* [To do]: Without the pictures, can you quote each line below exactly?

* [Stored data]:
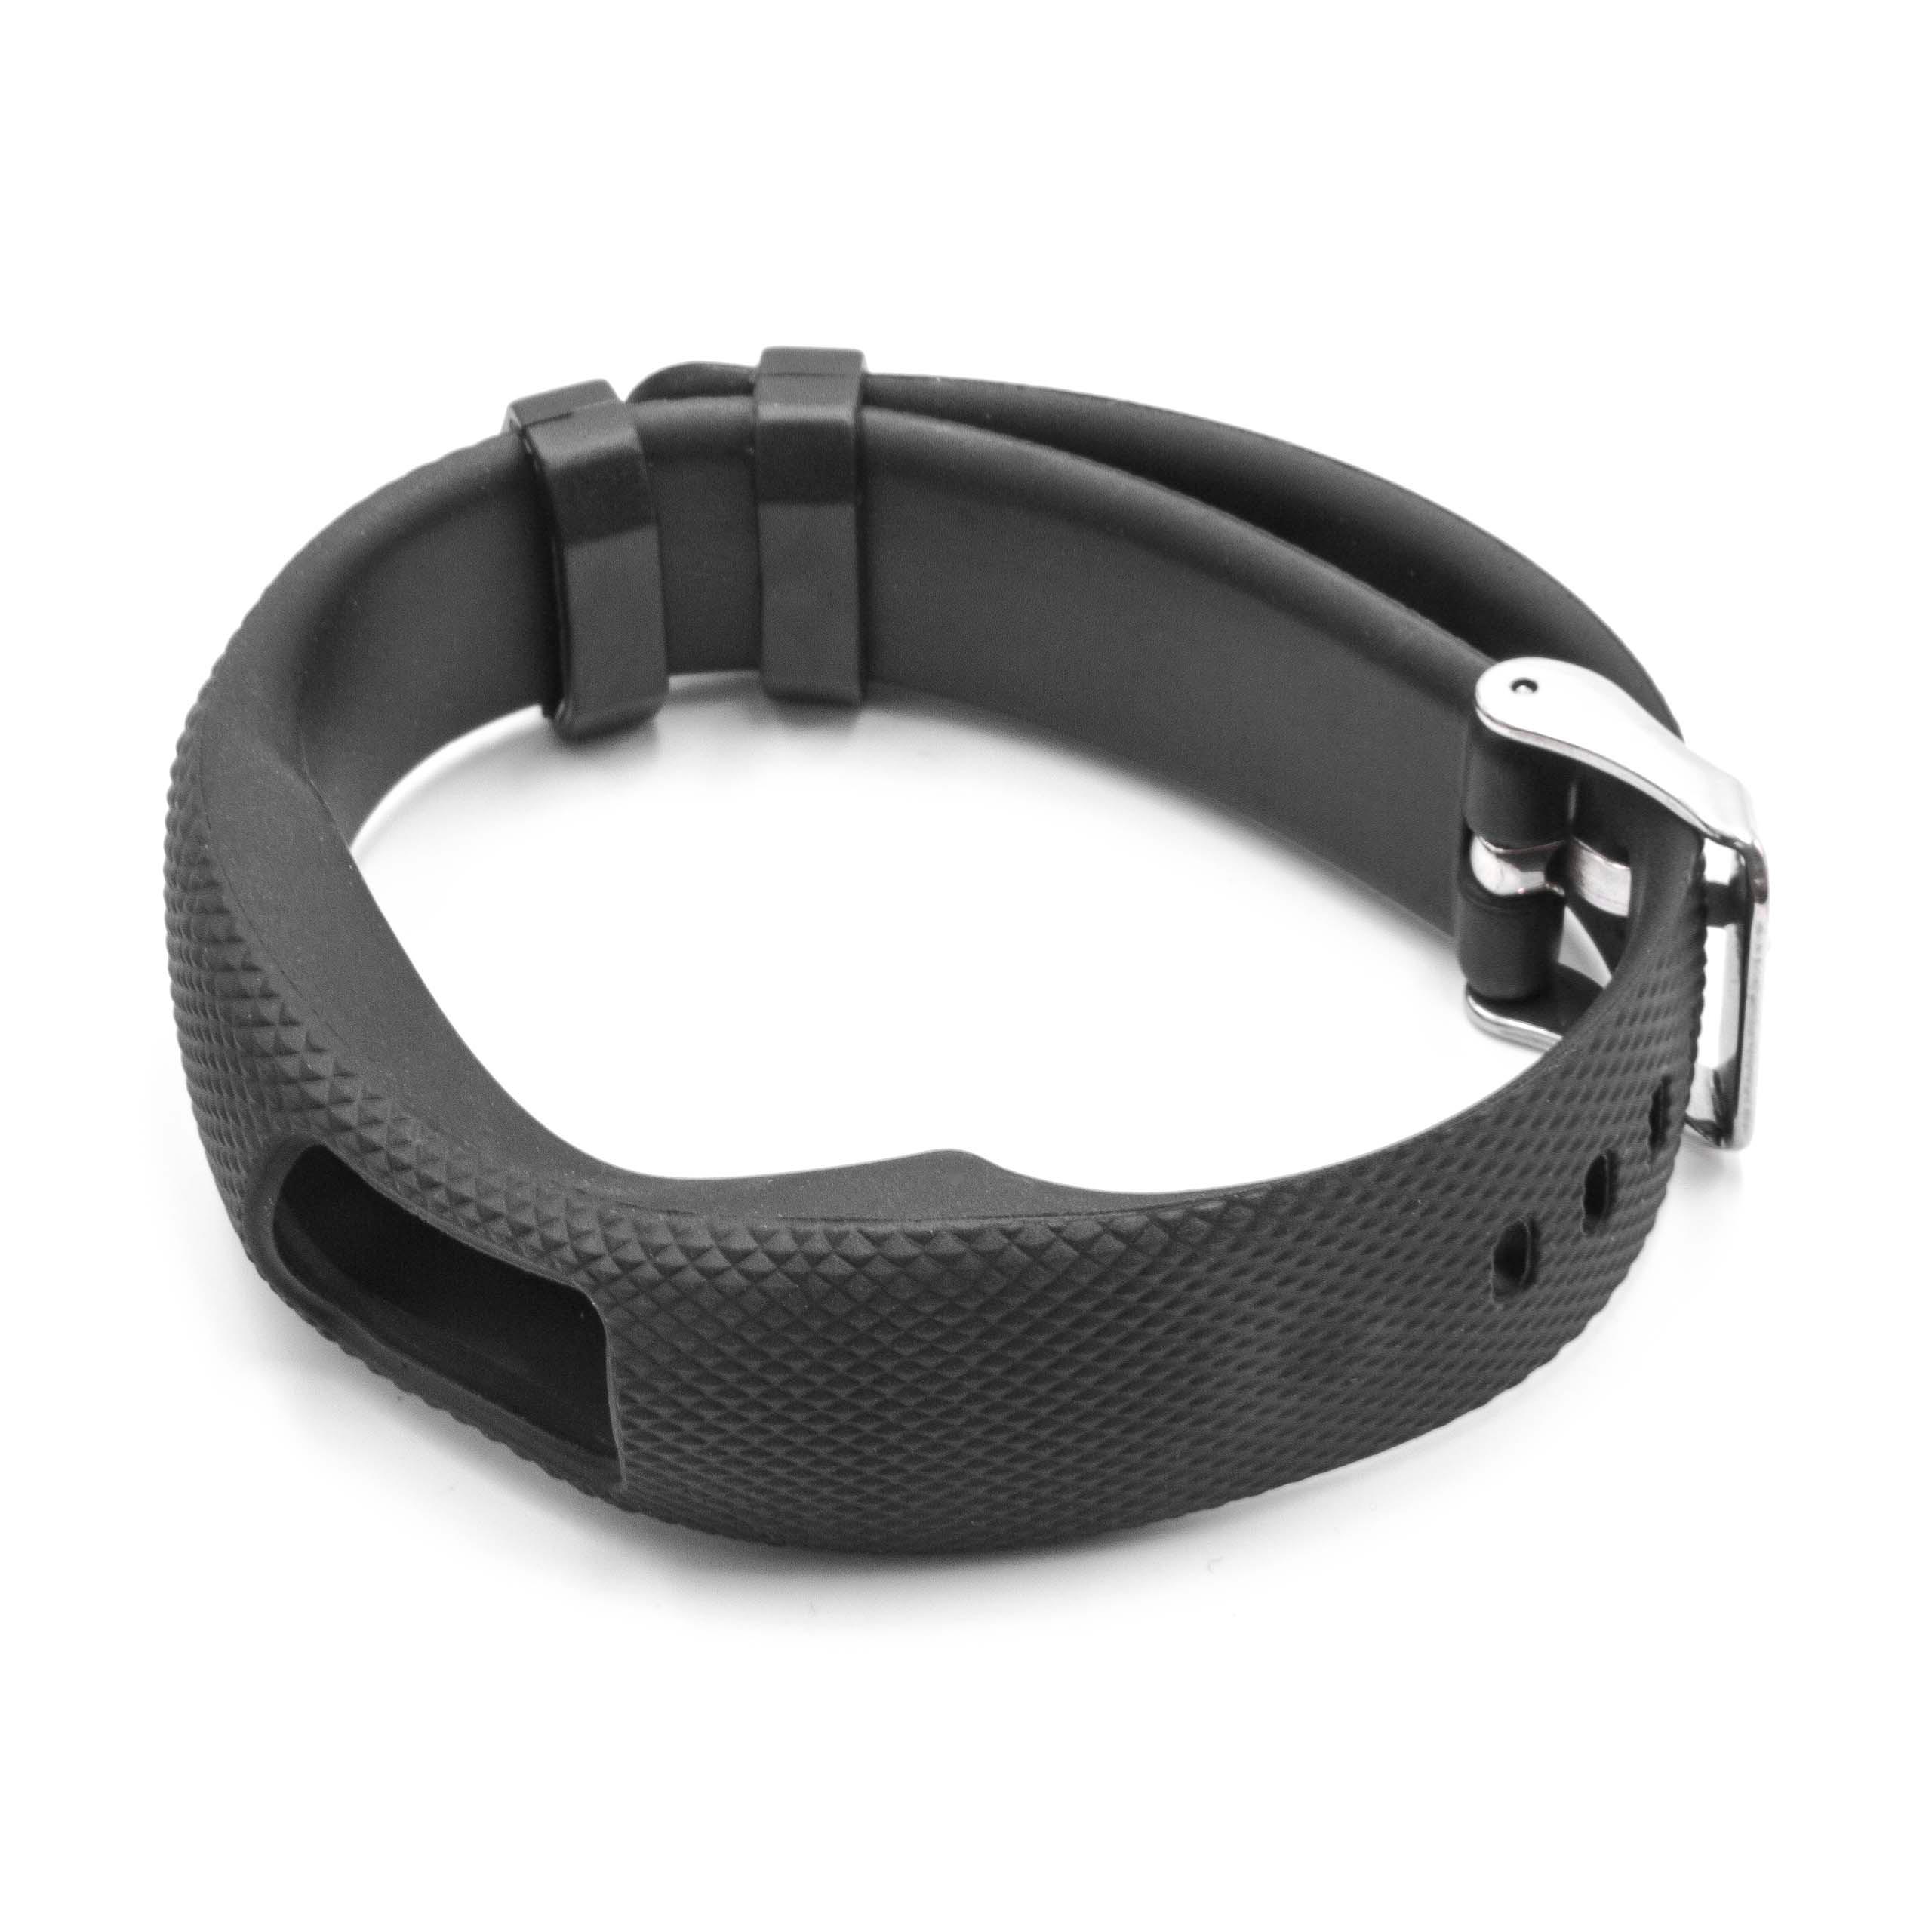 Bracelet pour montre intelligente Garmin Vivofit - 24,5 cm de long, 19,5mm de large, noir
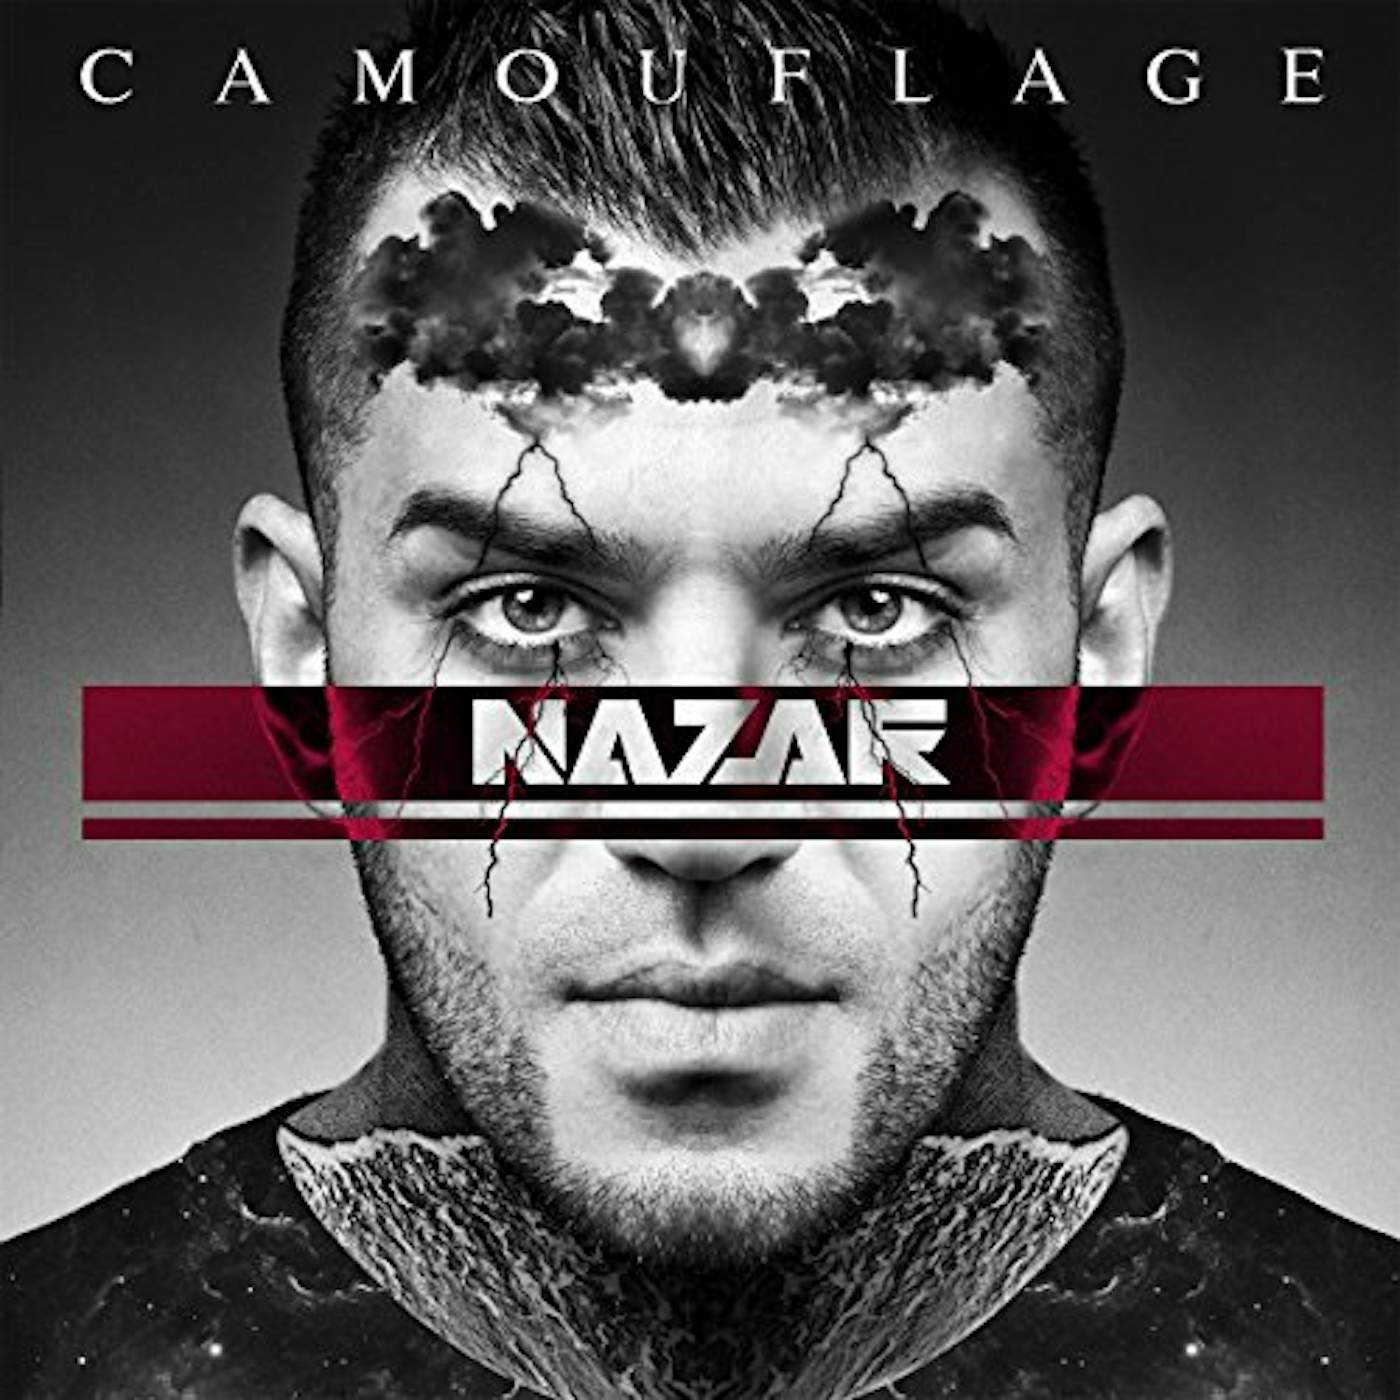 Nazar CAMOUFLAGE: PREMIUM EDITION CD
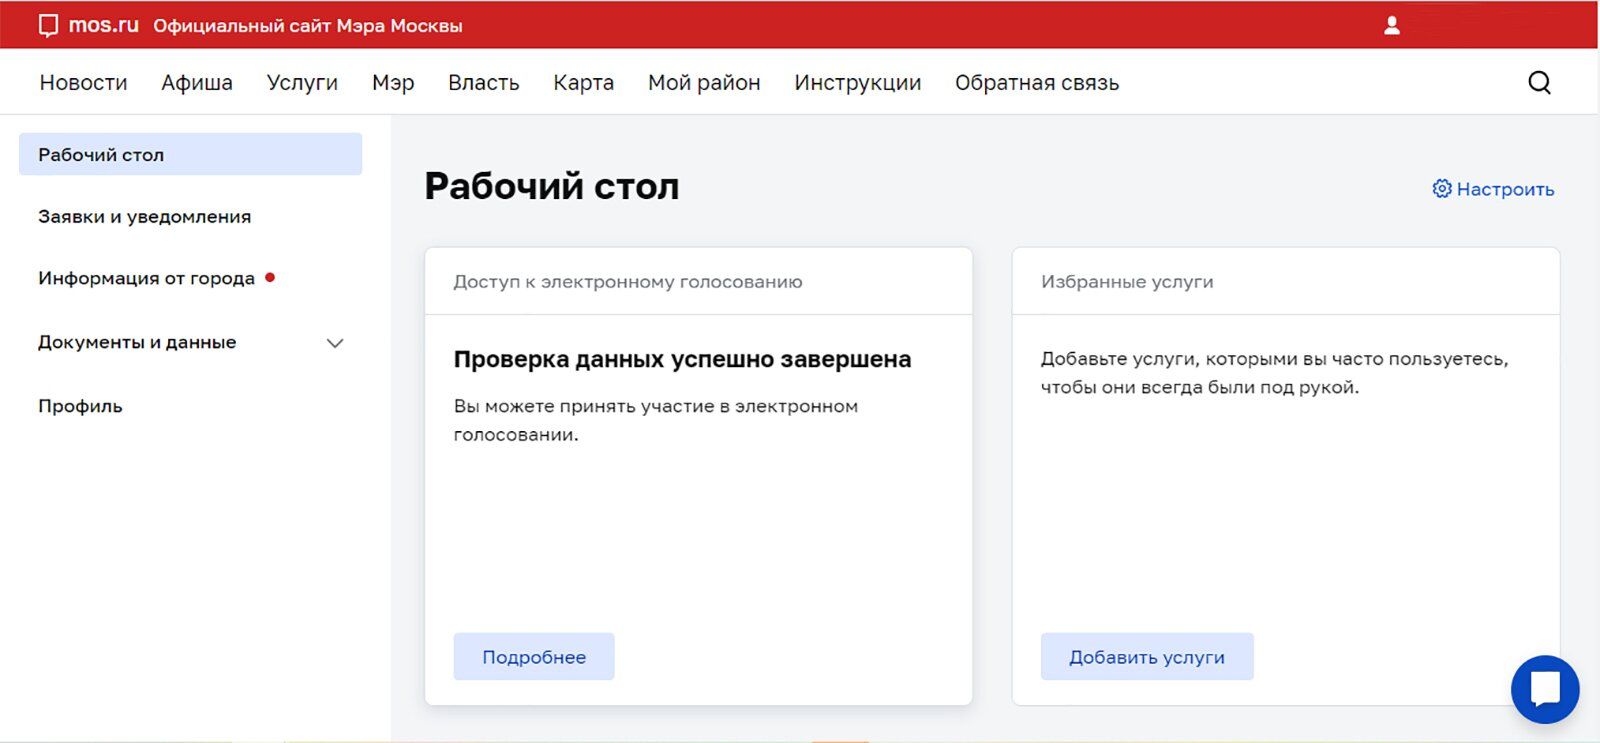 На mos.ru появился сервис для проверки возможности голосовать онлайн на выборах в сентябре

* [Result of this task]:
 Bracelet pour montre intelligente Garmin Vivofit - 24,5 cm de long, 19,5mm de large, noir
 Nazar CAMOUFLAGE: PREMIUM EDITION CD
 На mos.ru появился сервис для проверки возможности голосовать онлайн на выборах в сентябре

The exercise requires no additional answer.